# welches gentoo

## esem

hallo erstmal allerseits!

ich sag gleich mal zu beginn, ich bin absoluter noob was linux/gentoo angeht...

ich habe hier einen amd k6-2 mit 396mb ram stehen, auf dem ich gern gentoo inst würde..aber welche version??

hab schonmal die suchfunktion bemüht, aber ausser der info: das dieser rechner wohl zu einer i586 gruppe ghören würde nix gefunden...und als download gibts ja scheinbar nur i686....

kann mir da jemand bitte helfen  :Smile: 

danke!

----------

## manuels

dann musst du die x86-Version nehmen.

Aber mit dem Rechner zu kompilieren wird keinen Spaß machen - was willst du denn mit dem betreiben? nen Server oder Desktop?

----------

## esem

ich wollt n desktop machen und den als 2.rechner für diablo2 nutzen *gg*

ginge mit win98 sicher einfacher, aber ich wollts gern mal versuchen  :Smile: 

----------

## Hilefoks

Hi,

der K6-2 sollte ein i686 sein. Kein Grund also eine x86 CD zu nehmen.

MfG,

Hilefoks

----------

## esem

na dann lad ich das mal runter

danke schonmal für die schnellen antworten!!

----------

## firefly

 *Hilefoks wrote:*   

> Hi,
> 
> der K6-2 sollte ein i686 sein. Kein Grund also eine x86 CD zu nehmen.
> 
> MfG,
> ...

 

leider falsch der ist ein i586  :Smile:  die erste i686 kompatible CPU von AMD war der Athlon.
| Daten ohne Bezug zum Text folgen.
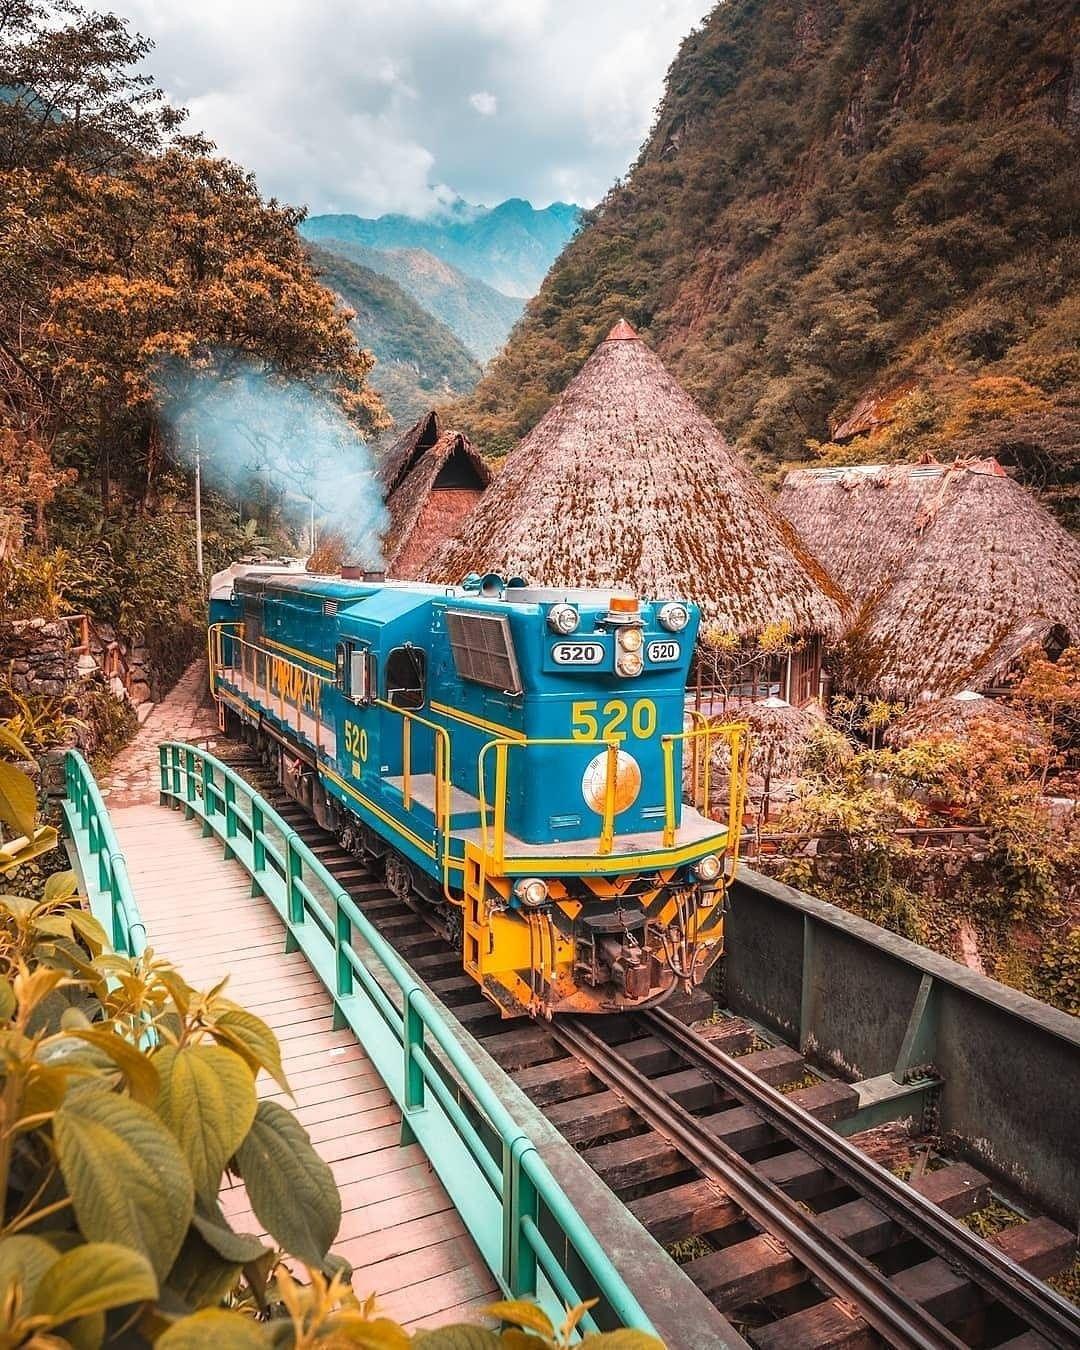 Viaje en tren a machu picchu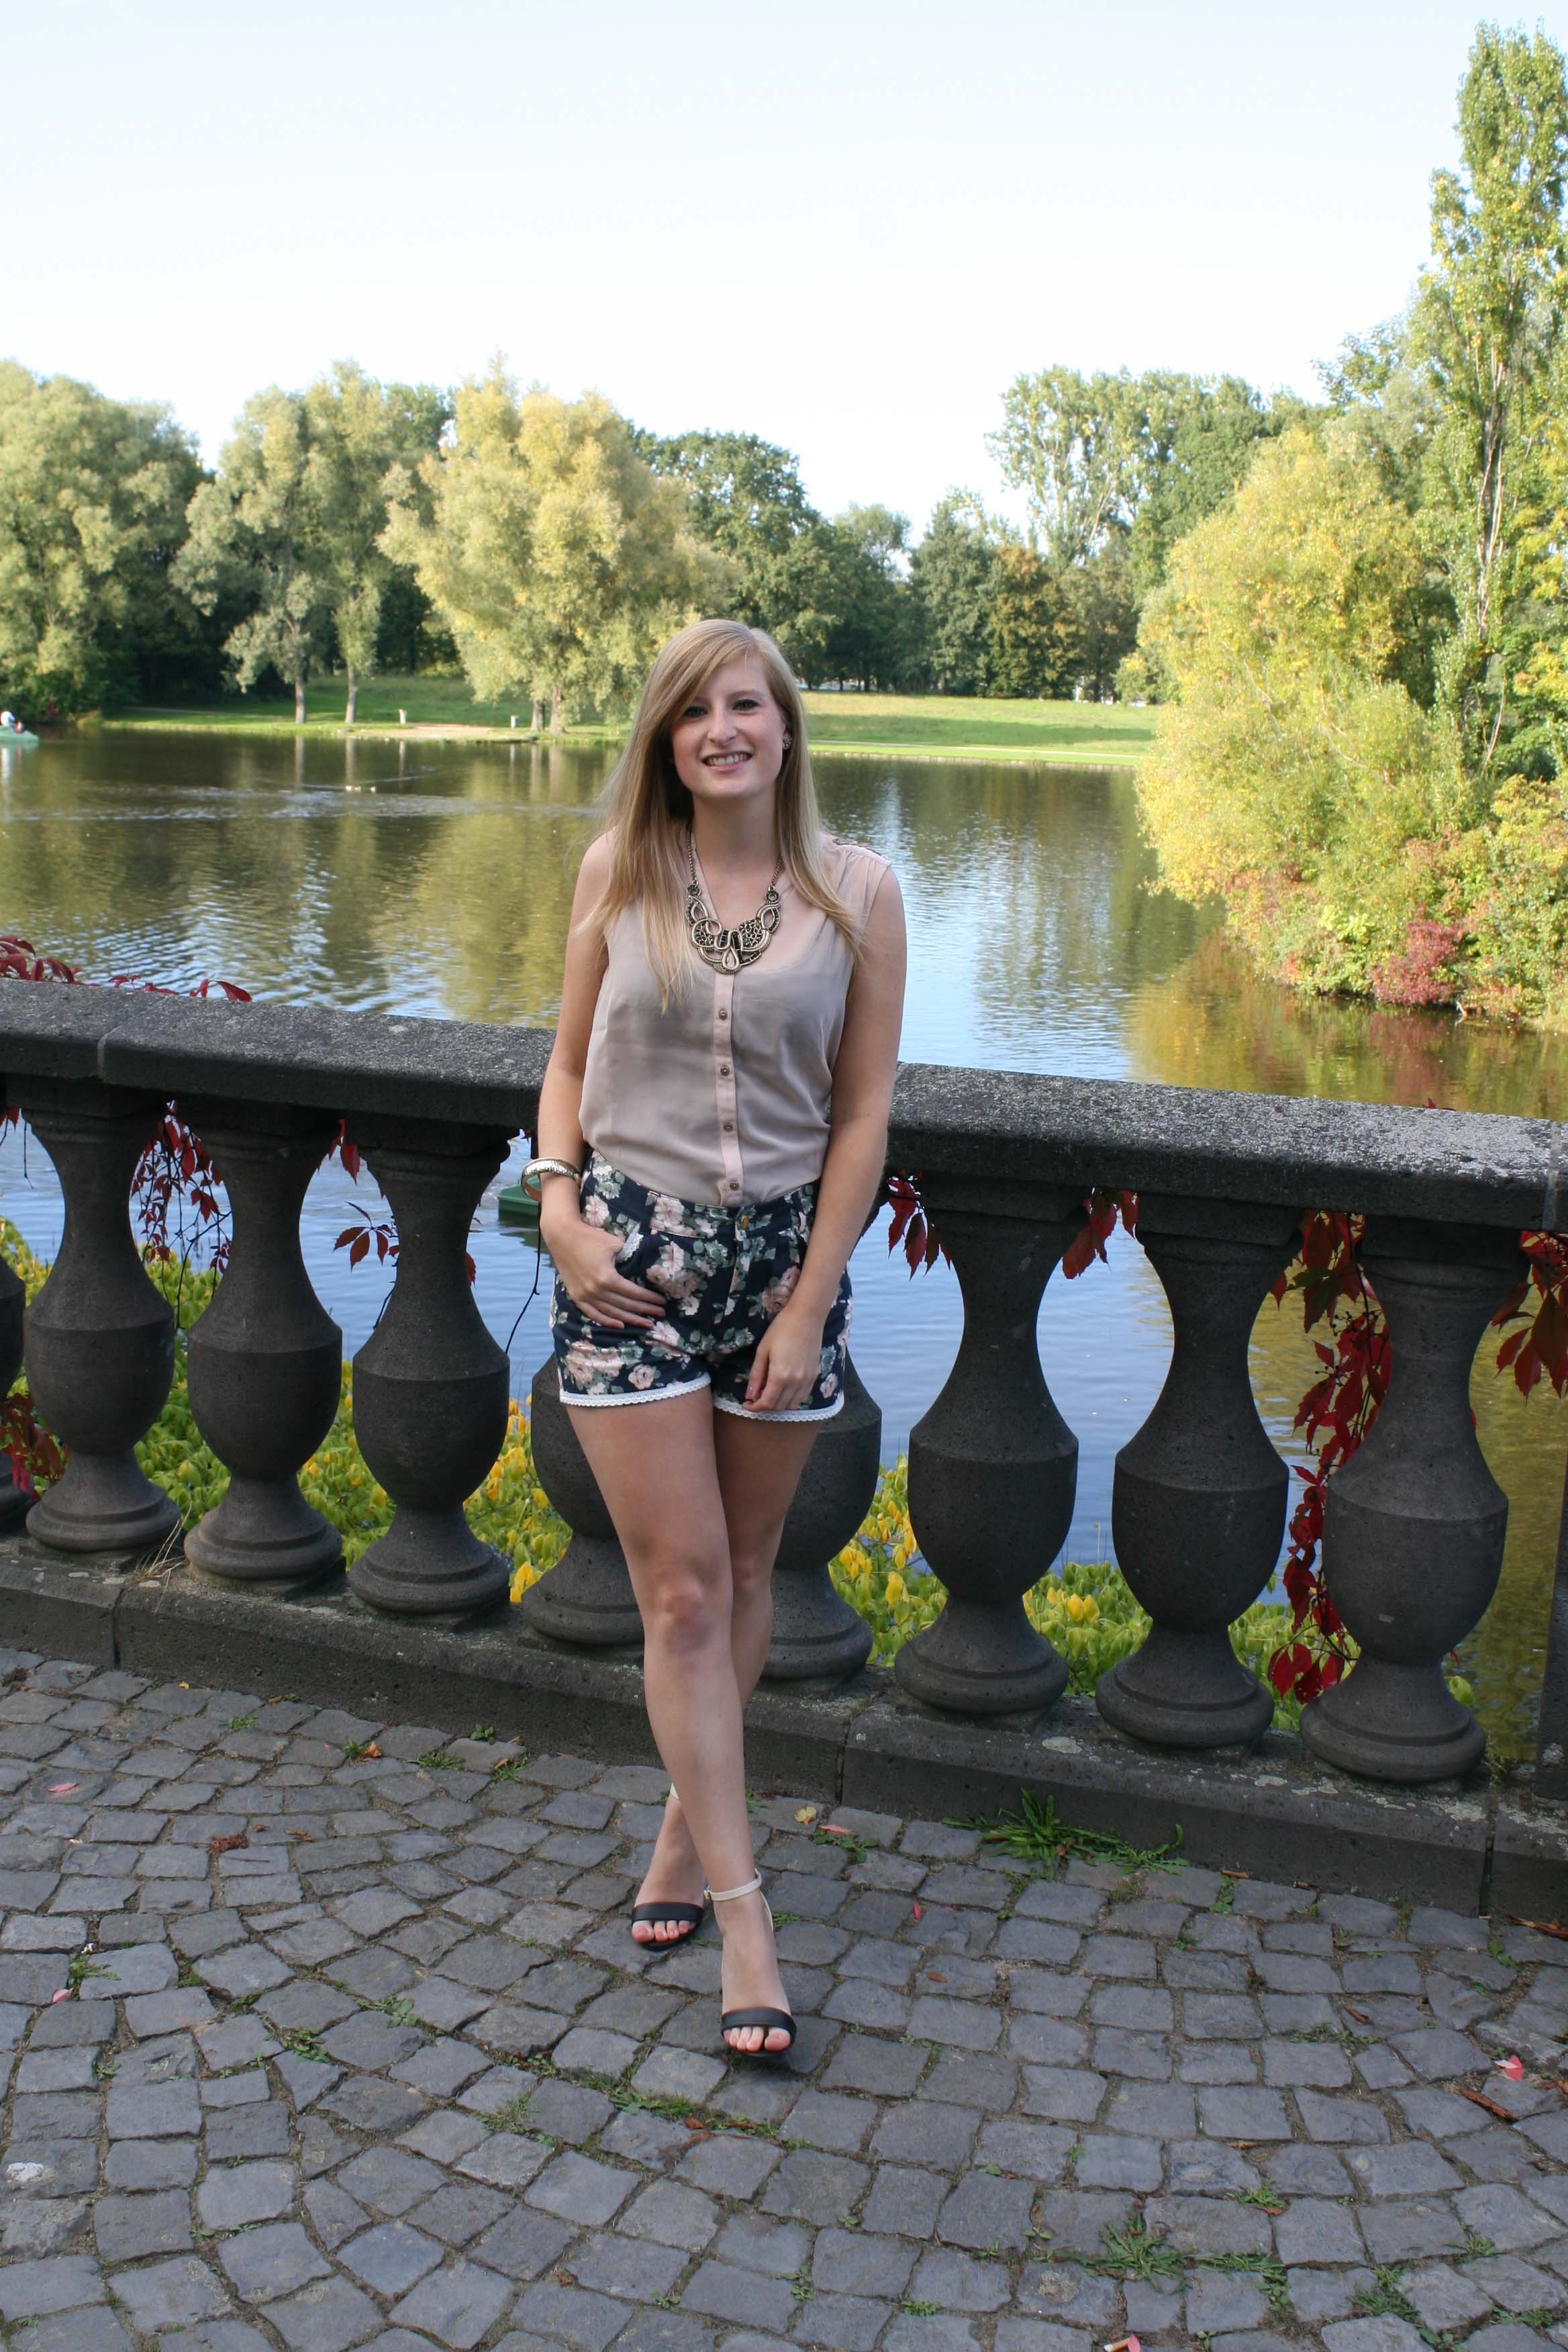 Silky Pink Blouse Rosa Bluse Statementkette Gold Blümchen Shorts ros Heels Rheinaue Bonn Modeblog Outfit 5

http://gentoo-wiki.com/Safe_Cflags#K6-2_.28AMD.29

----------

## esem

und das heisst für mich???

----------

## firefly

du brauchst die x86 gentoo-cd

----------

## Wolle

 *manuels wrote:*   

> Aber mit dem Rechner zu kompilieren wird keinen Spaß machen

 

Das muss nicht für jeden richtig sein   :Wink: 

Der langsamste Rechner, den ich jemals mit Gentoo als Desktop beglückt habe, war ein Pentium/60. Mit IceWM, Abiword, Gnumeric usw. kann man damit sogar was anfangen. Und es hat Spaß gemacht.

Bei dem K6-2 habe ich gar keine Bedenken... außer, wenn es denn Mittwoch schon fertig sein soll   :Smile: 

----------

## manuels

klar, kommt auch immer drauf an, welches DE man verwendet.

Mit Fluxbox oder so klappt's bestimmt schneller als mit KDE  :Laughing: 

----------